The results found that the combined effects between P16 methylation and alcohol drinking and smoking on EC risk existed (ORc = 2.43, 95% CI: 1.41–4.38, P = 0.002; ORc = 2.75, 95% CI: 1.73–5.10, P = 0.001 respectively), whereas no interaction between P16 methylation and environmental factors on the EC risk was showed, as seen in Table S5. As for the TP53 gene, its methylation and some environmental factors have combined effects on the risk of EC (P < 0.05) (Table S6). Additionally, the results in Table S7 illustrate that P16 methylation did interact with TP53 methylation on EC risk.

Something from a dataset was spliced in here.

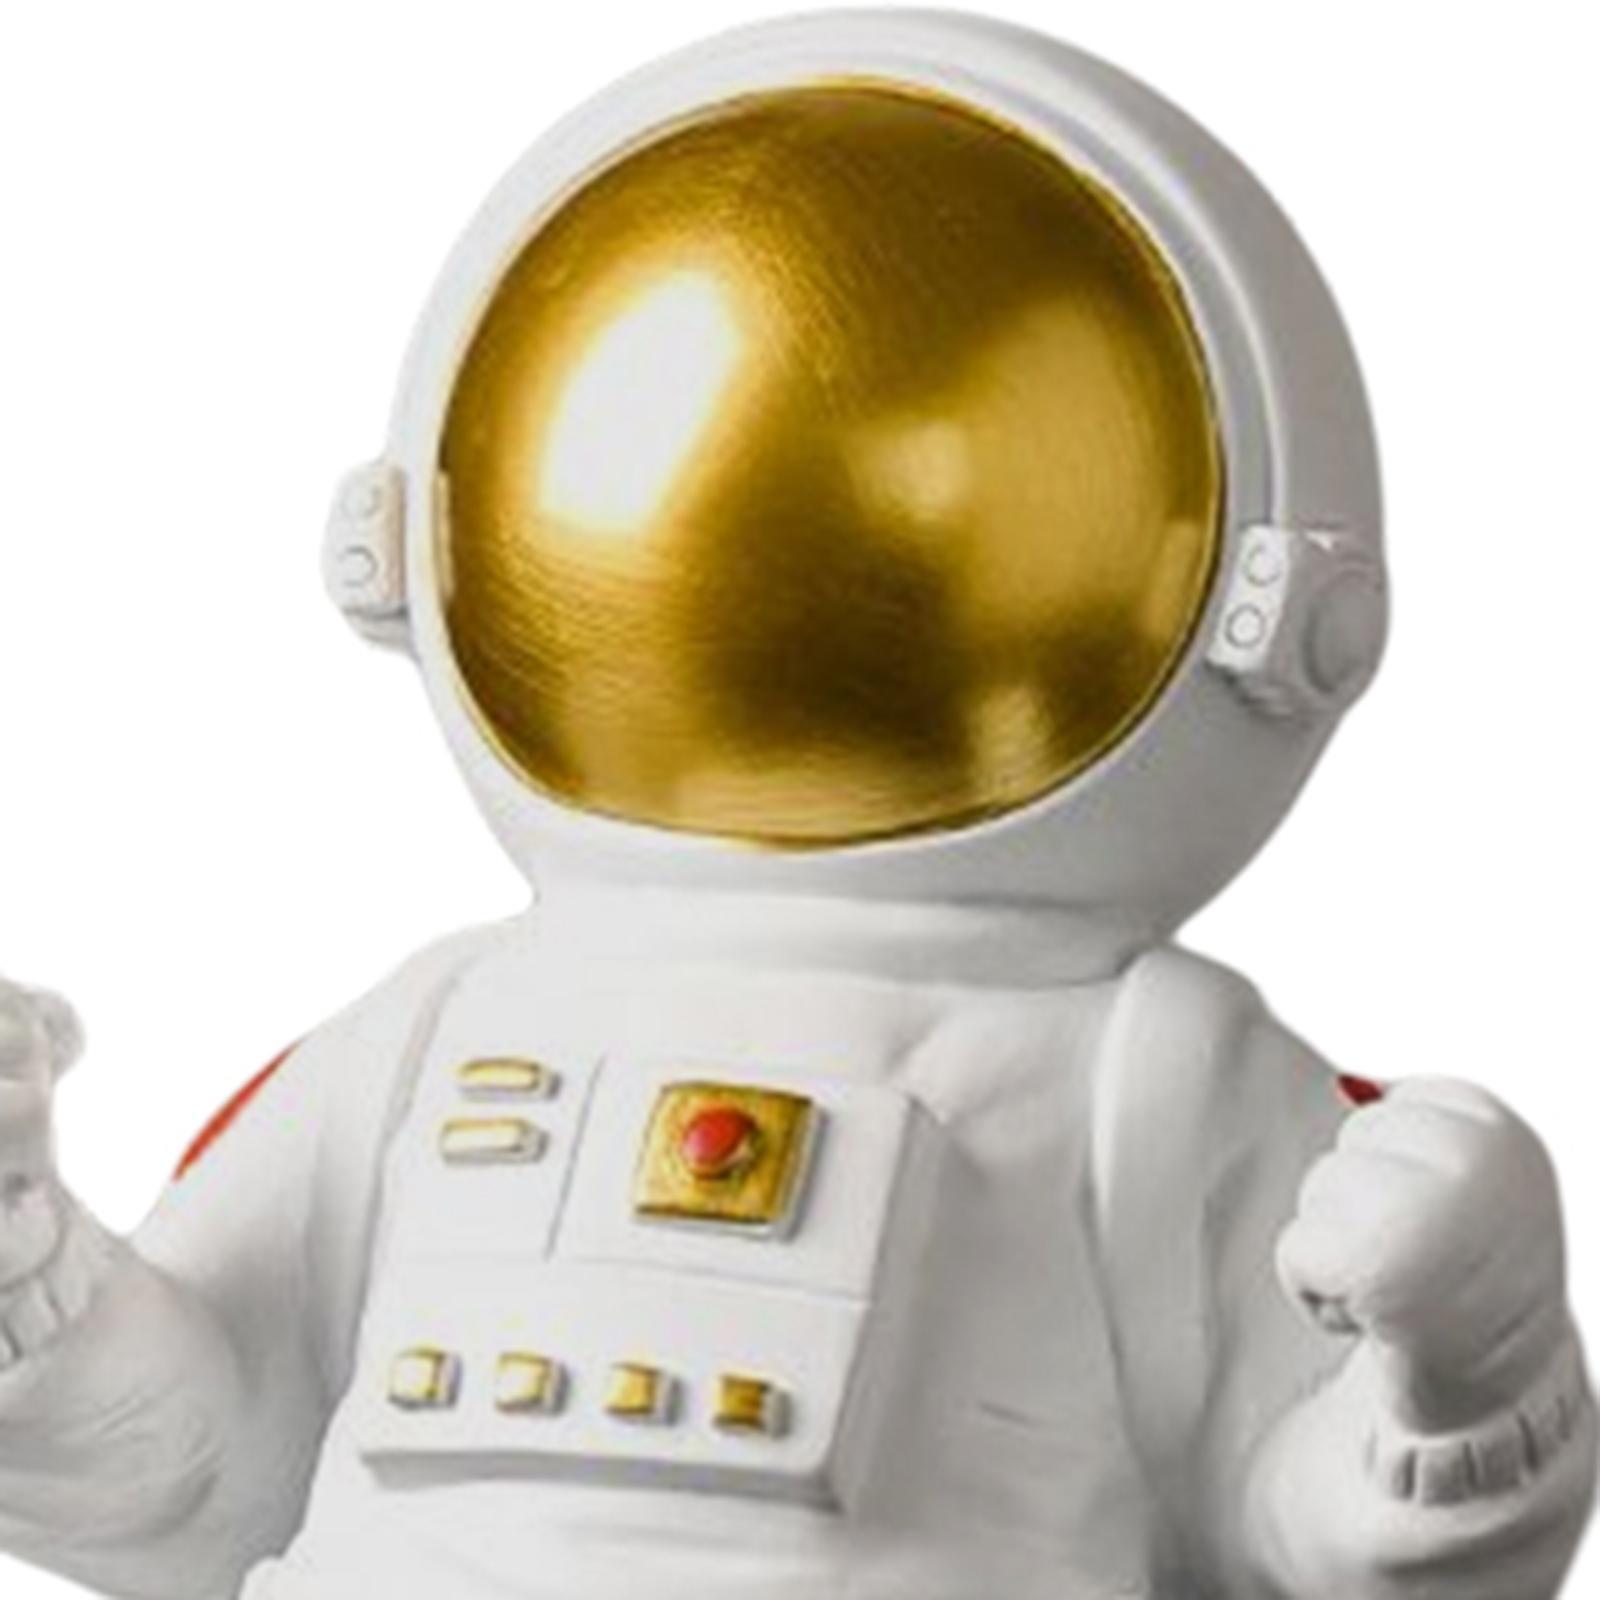 2 Pieces Astronaut Statue Crafts, Sculpture Ornament Resin Gift Desktop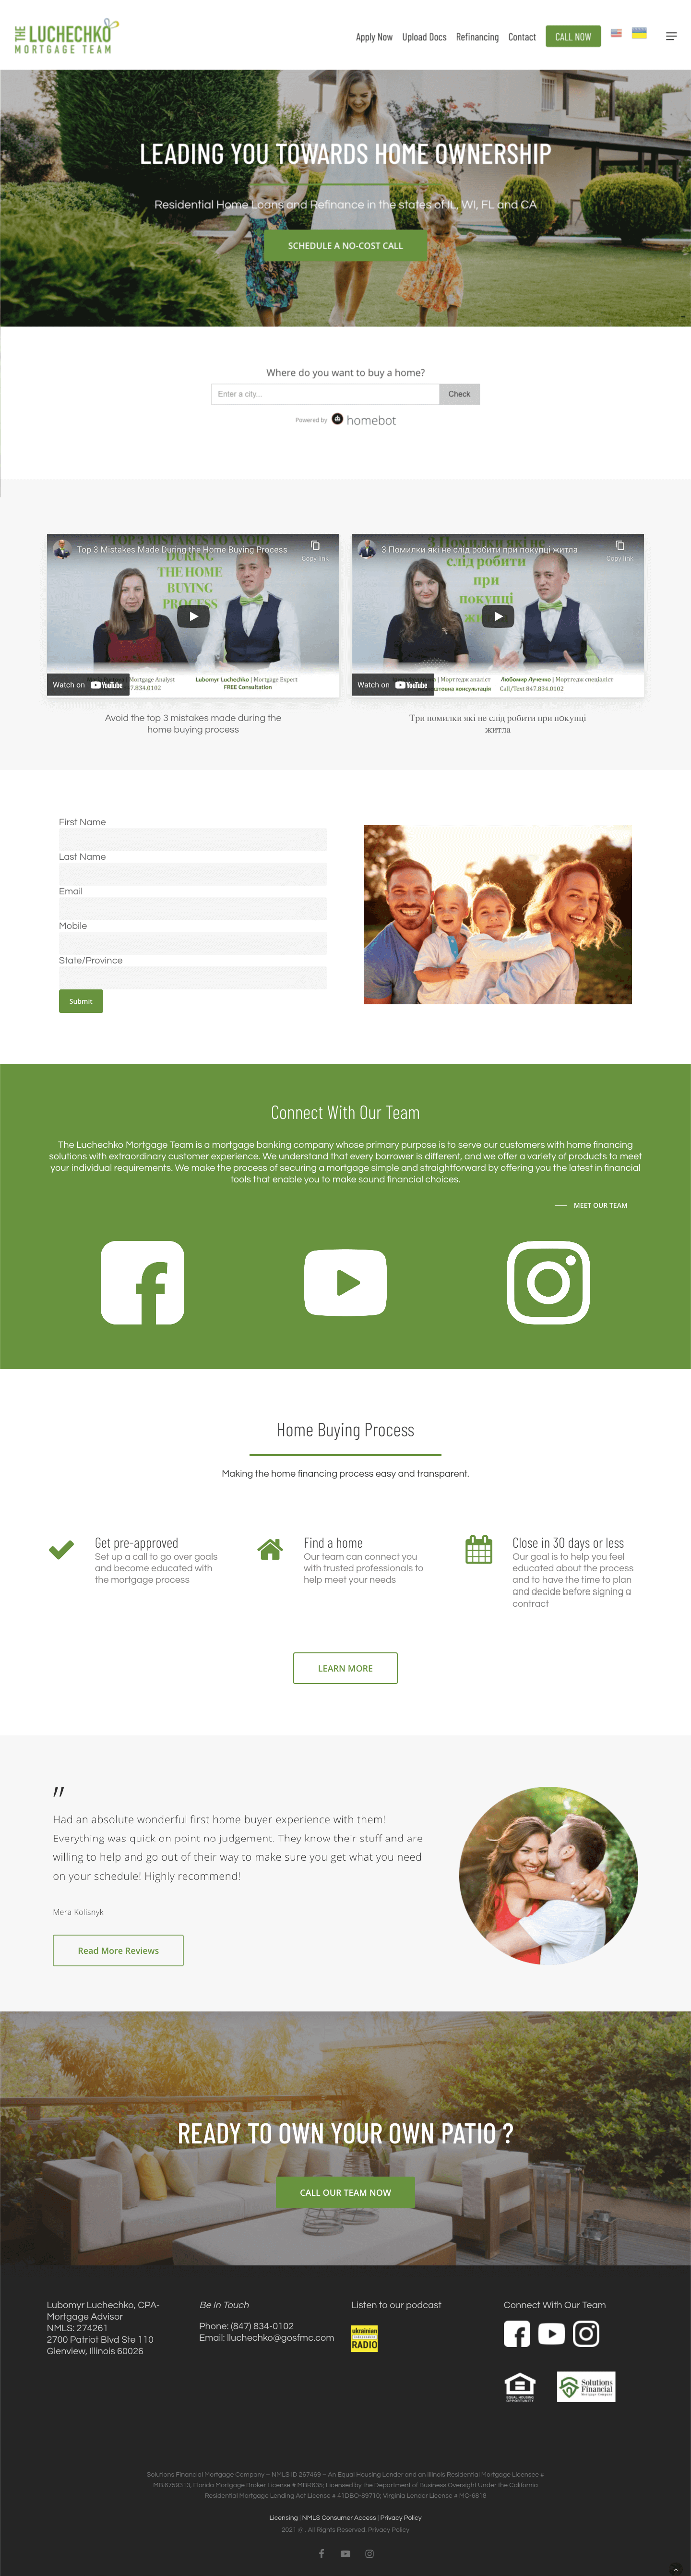 Luchenchko mortgage full web landing page - web design firm Big Red Jelly Provo Utah.

Characteristics of EC patients

Of the 105 subjects who were recruited as EC cases in this study, all EC patients were included in this 10-year follow-up study. The association between demographic clinicopathological and EC prognosis was analysed, as presented in Table S8. Although the correlation between each demographic characteristic and prognosis of EC patients was not statistically significant, age, gender, BMI, family history of cancer, marital status and betel chewing were still used as the adjustment factors in analysing the relationship between clinical characteristics and EC prognosis, and these factors were common confounder factors in this study. Multivariate analysis based on Cox proportional hazard regression revealed that TNM stage, histology grading (poor differentiation) and lymph node metastasis were statistically significantly associated with EC prognosis (P < 0.05) (Table 3). The results from backward condition selected suggested that EC patients with TNM stage III had marginally poorer prognoses (HR = 1.25, 95% CI: 1.44- 3.42, P = 0.046) and EC patients with stage IV had seriously poorer prognoses (HR = 2.68, 95% CI: 1.04–6.93, P = 0.041). In addition, metastasis was also associated with poorer prognosis of EC patients (HR = 1.52, 95% CI: 1.21–2.48, P = 0.013) (Table S9).

Table 3

Association between clinicopathological factors and EC prognosis.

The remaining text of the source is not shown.